Bab 11. Rumor

191 13 0
                                    

Alisha merasa kelelahan ketika ia dan Farhan akhirnya tiba di parkiran klinik bidan Rose. Alisha turun dari motor dan mengusap keringat yang bercucuran di wajahnya. Farhan yang baru melepas helm melihat itu, tampak khawatir melihat Alisha yang terlihat pucat. "Mbak gapapa? Mukanya pucat banget gitu?"

Alisha menggeleng dan berusaha terlihat baik-baik saja, "Mbak gapapa, kok. Kayaknya cuma kecapean aja."

"Capeknya orang hamil itu nggak bisa diremehin, Mbak. Nanti pasti dimarahin sama bu Bidan, kalo tau selama ini kegiatan mbak Alisha banyak banget," cerocos Farhan yang hanya ditanggapi dengan senyuman oleh Alisha.

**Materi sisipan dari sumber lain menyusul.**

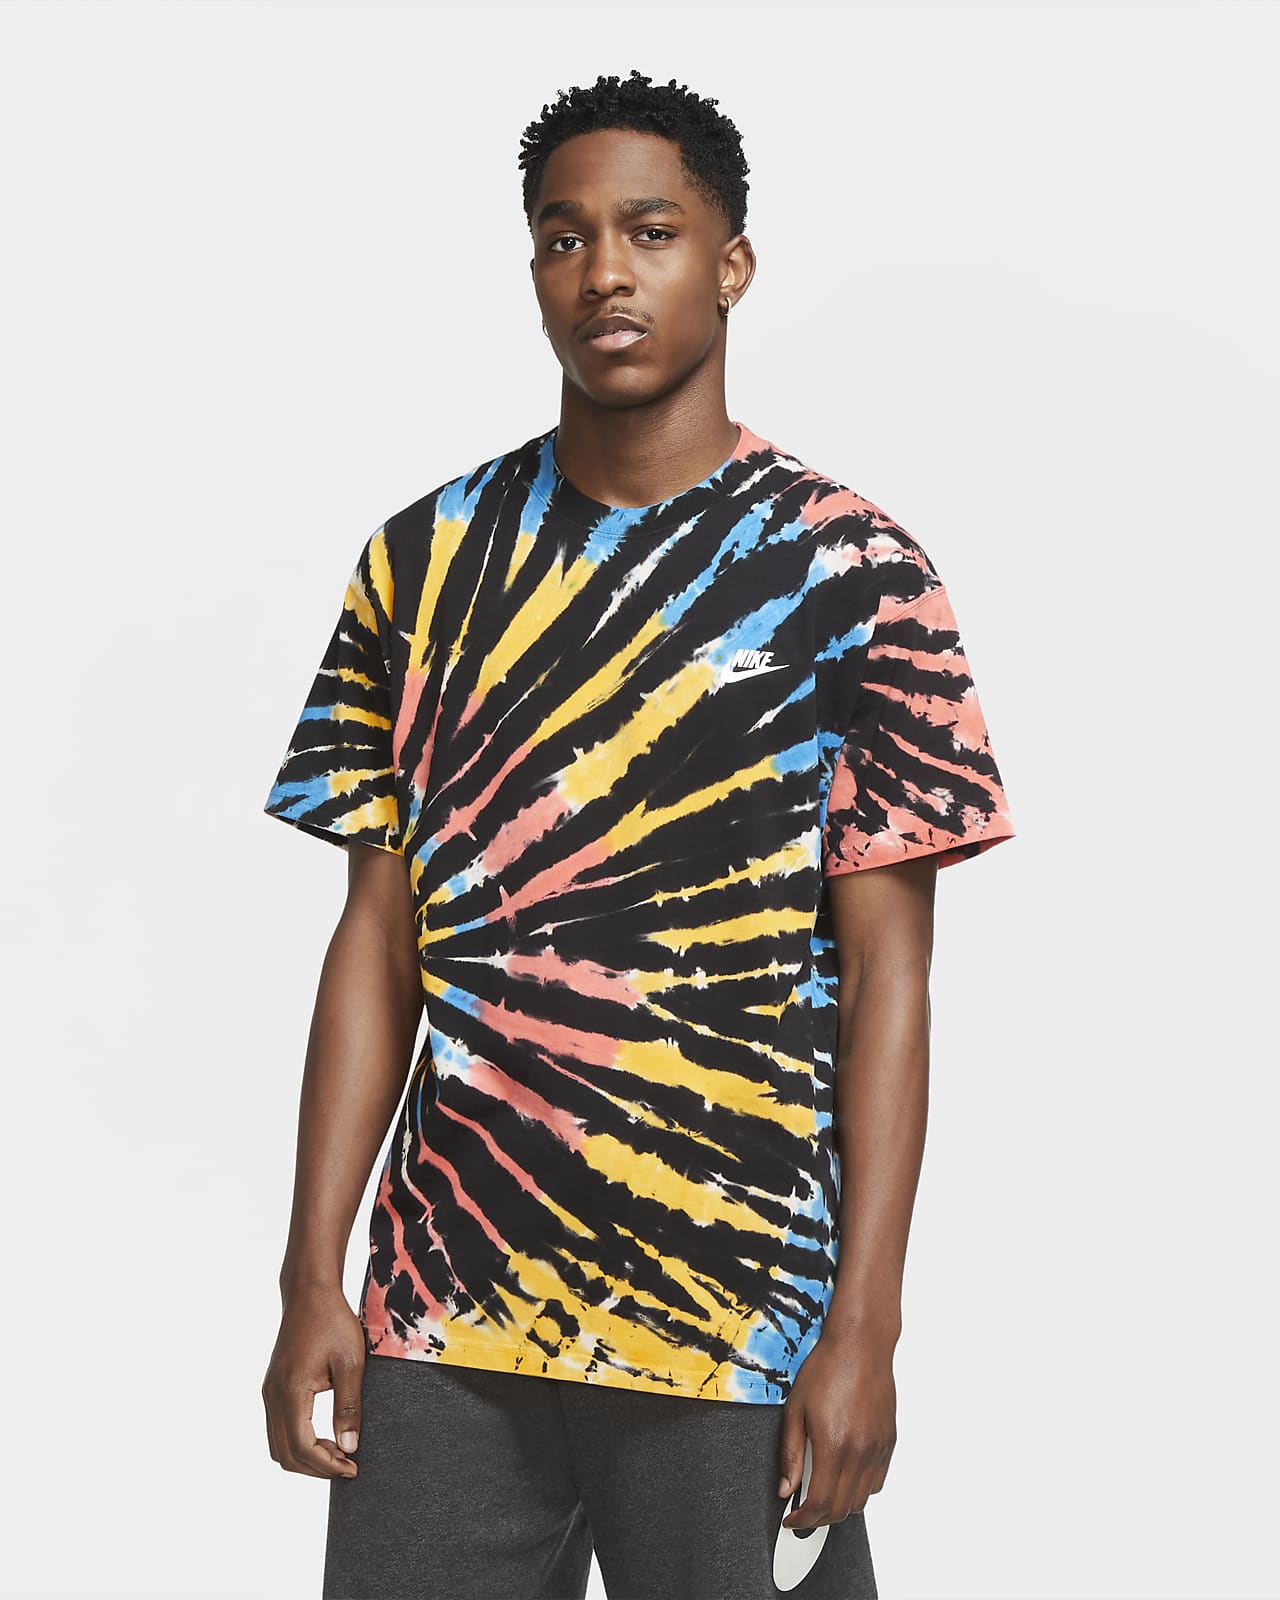 Download Nike Sportswear Men's Tie-Dye T-Shirt. Nike.com

"Mbak masuk dulu sana, aku nunggu di sini," kata Farhan sambil duduk di kursi yang ada di pinggiran parkiran. Alisha mengangguk dan berniat masuk ke klinik.

Alisha belum sempat meninggalkan area parkir, karena saat itu dia lebih dulu berpapasan dengan Surti— tetangga mereka yang sedang hamil besar dan kebetulan baru selesai periksa juga di bidan Rose. Surti yang mengenali Alisha sontak berjalan menghampiri untuk menyapa, "Alisha?"

"Eh, Bu Surti. Baru selesai periksa, Bu?" tanya Alisha basa-basi. Surti pun mengangguk, sambil mengelus perut besarnya. "Iya, bentar lagi lahiran jadi harus sering-sering periksa."

Surti sempat menoleh ke arah Farhan yang duduk tak jauh dari mereka. Melihat itu, Surti menyimpulkan jika Alisha memang diantar oleh adik iparnya itu.

"Kamu udah isi ya?" Tanya Surti sembari mengusap perut Alisha yang belum menunjukkan tanda-tanda kehamilan. Alisha tersenyum tipis. "Alhamdulillah, udah bu."

Namun, senyumnya memudar ketika Surti melontarkan pertanyaan berikutnya. "Kok yang nganter bukan suaminya? Malah adiknya? Emang ini anak siapa?"

DHEG! Alisha merasa seolah dunianya berhenti berputar sejenak. Farhan yang juga mendengar pertanyaan itu, tidak bisa menyembunyikan kekesalannya. Dengan cepat, bangkit dari duduknya dan melangkah mendekati Surti.

"Bu, hati-hati kalo ngomong ya! Saya cuma nganter mbak Alisha karena kakak saya lagi ada keperluan lain," ucap Farhan dengan tegas.

Bukannya minta maaf atas ucapannya yang sudah menyentuh ranah sensitif, Surti malah menanggapi kekesalan Farhan dengan tawa renyah. "Sensi banget sih kamu ini? Dasar, nggak bisa diajak bercanda."

"Ibu kira hal semacam itu bisa dibercandain? Yang ada jadi fitnah, Bu," tegur Farhan dengan suara meninggi.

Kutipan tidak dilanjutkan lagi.